61: B-N fused anthracene as functional linker for π-extended viologens: Near-IR emission and electrochromism

Abstract: Viologens are widely recognized as prototypical organic electrochromic materials and have been intensively studied for applications in display technologies, smart materials, and energy storage devices. Their properties can be fine-tuned by introducing different substituents on the pyridine rings, fusion with heteroatoms, or insertion of π–conjugated linkers. In this work, we study the effect of B-N fused dipyridylanthracene (BDPA) as a novel linker unit in viologens on the electronic structure, optical properties, and electrochromic characteristics.
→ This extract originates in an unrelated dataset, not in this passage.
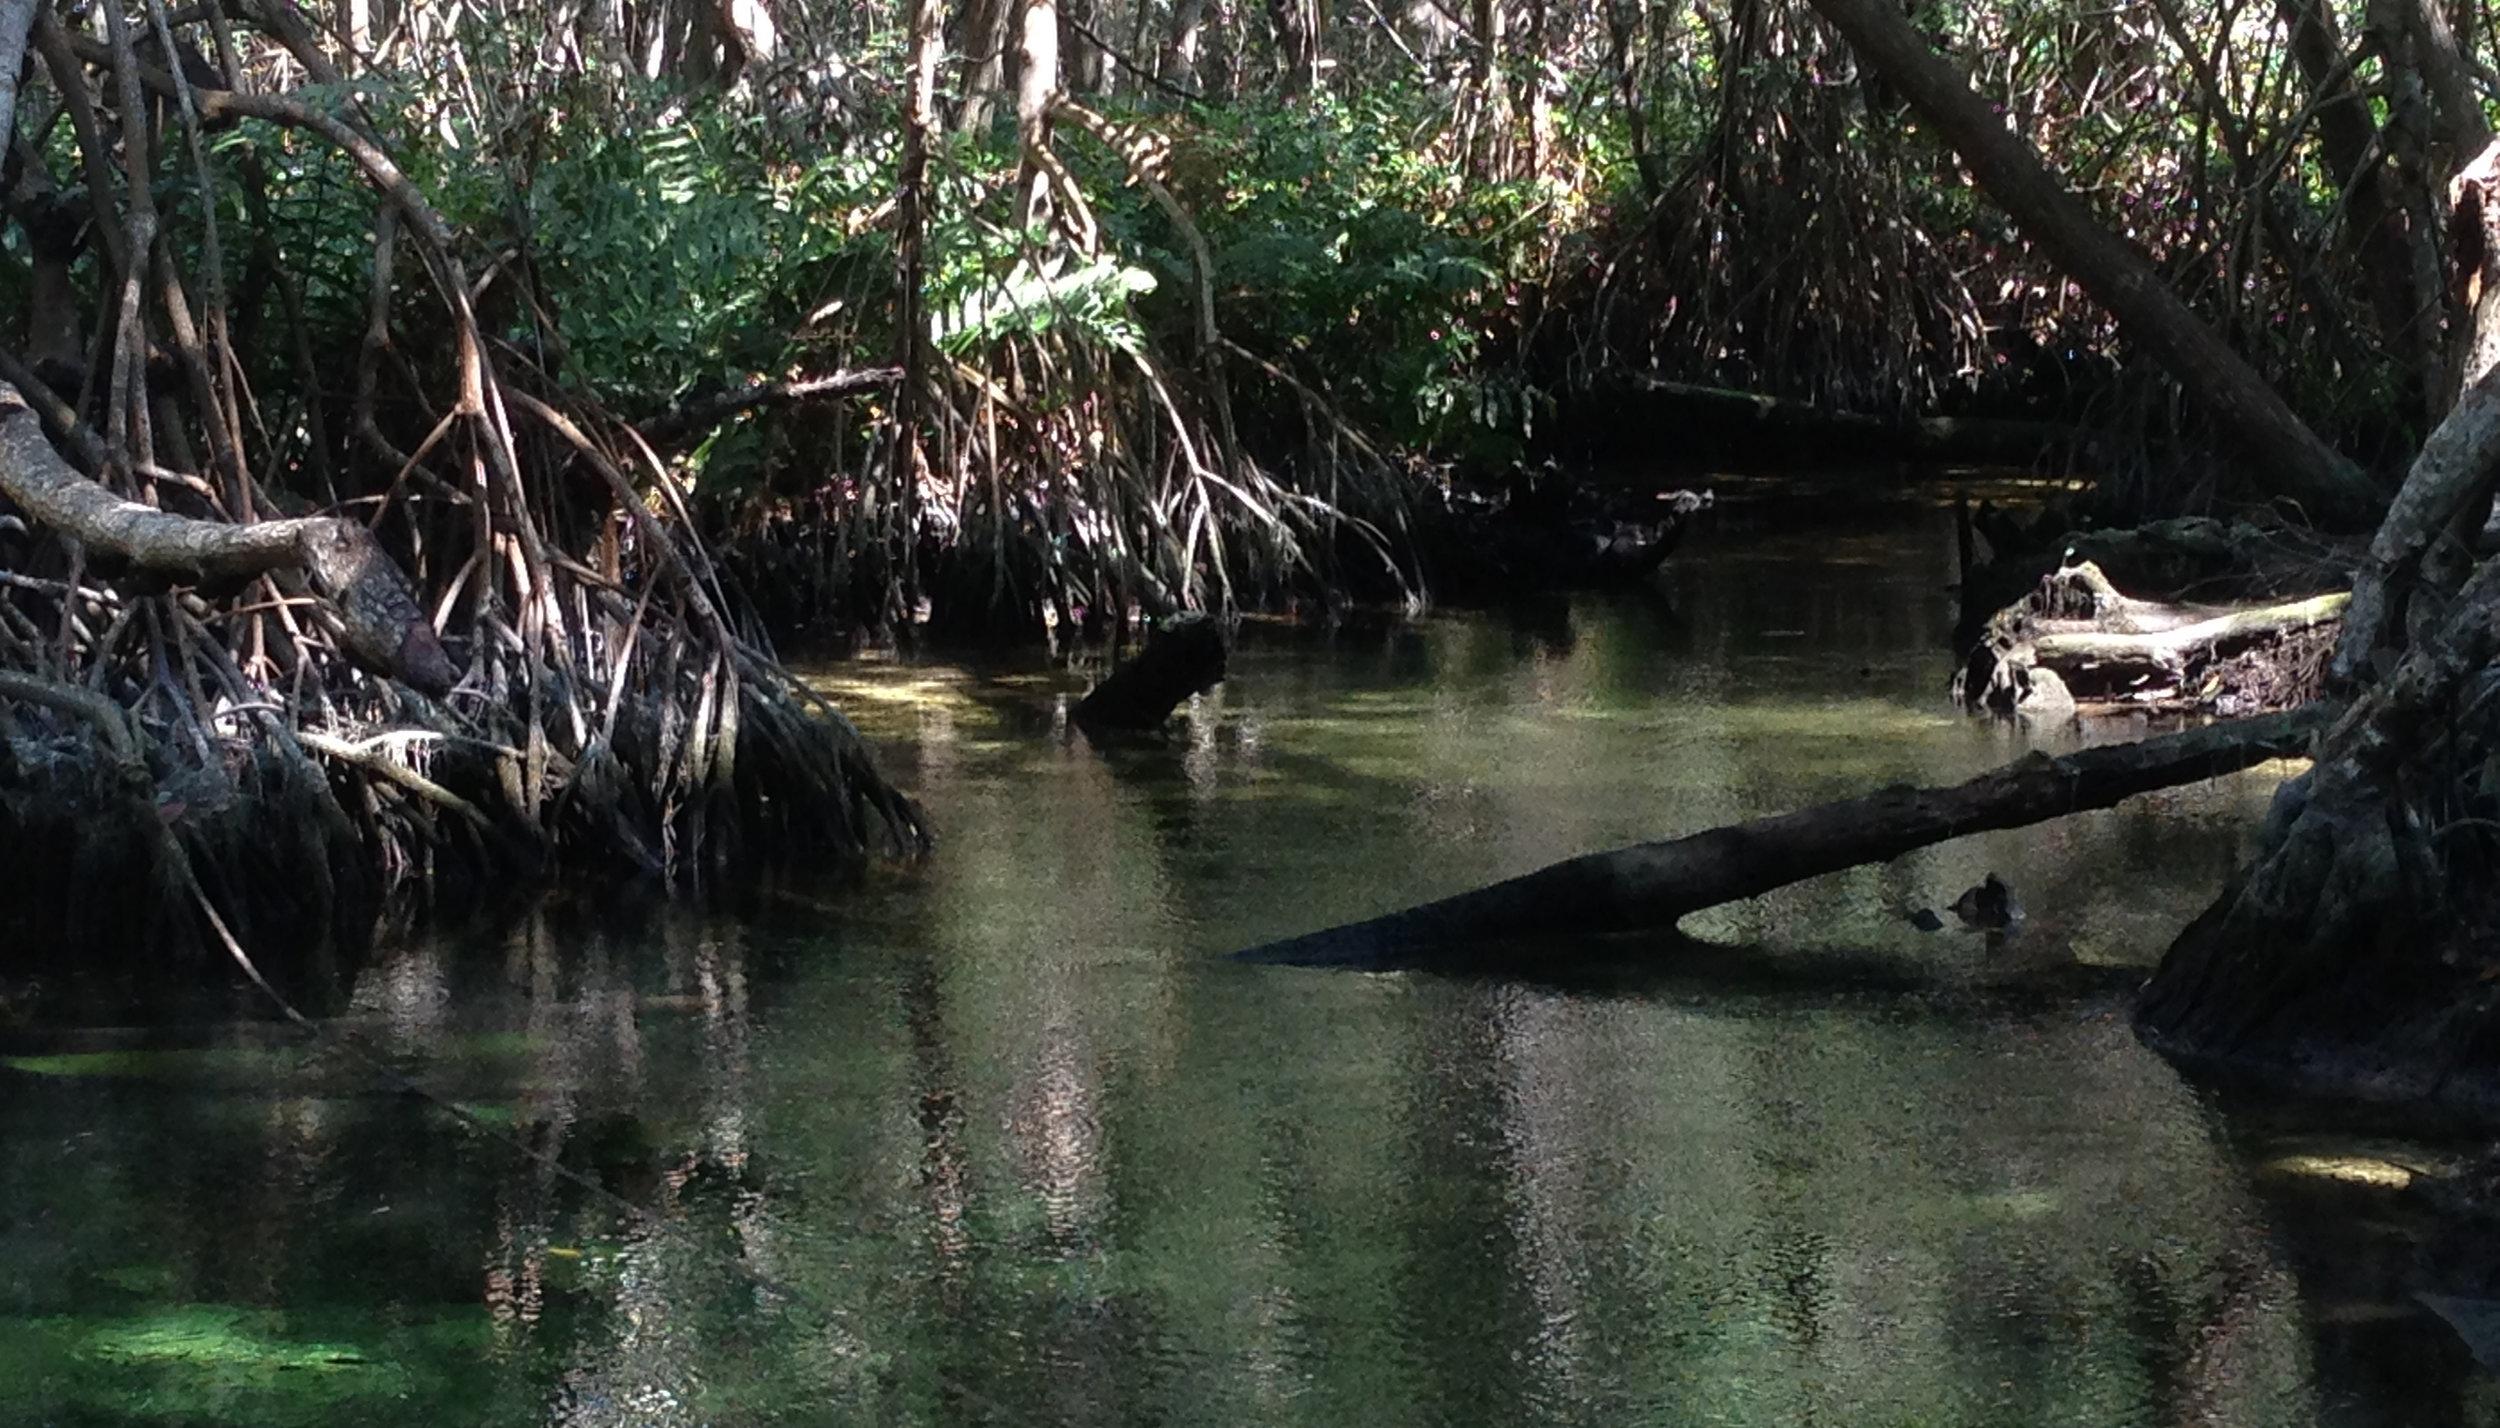 swamp_sm-1.jpg

Quaternization of pyridyl-functionalized BDPA (1Py) by N-methylation or complexation with B(C6F5)3 as a powerful Lewis acid gives rise to two fundamentally different π-extended viologens, dicationic [1Py-Me](PF6)2, and the neutral complex 1Py-BCF. We investigate the effect of these different quaternization methods on the LUMO energy, band gaps, absorption and emission, and the self-sensitized reactivity toward oxygen. We also demonstrate facile electrochemical reduction to singly and multiply reduced species. Spectroelectrochemical and computational studies reveal formation of strongly colored doubly reduced species with a closed shell electronic configuration and prominent quinoidal delocalization. The corresponding radical anions give rise to absorptions in the near-IR. As proof of concept for translating these structure–property insights into function, a prototype electrochromic device utilizing 1Py-BCF as the redox-active material was constructed. Detailed results of these studies will be presented in this poster.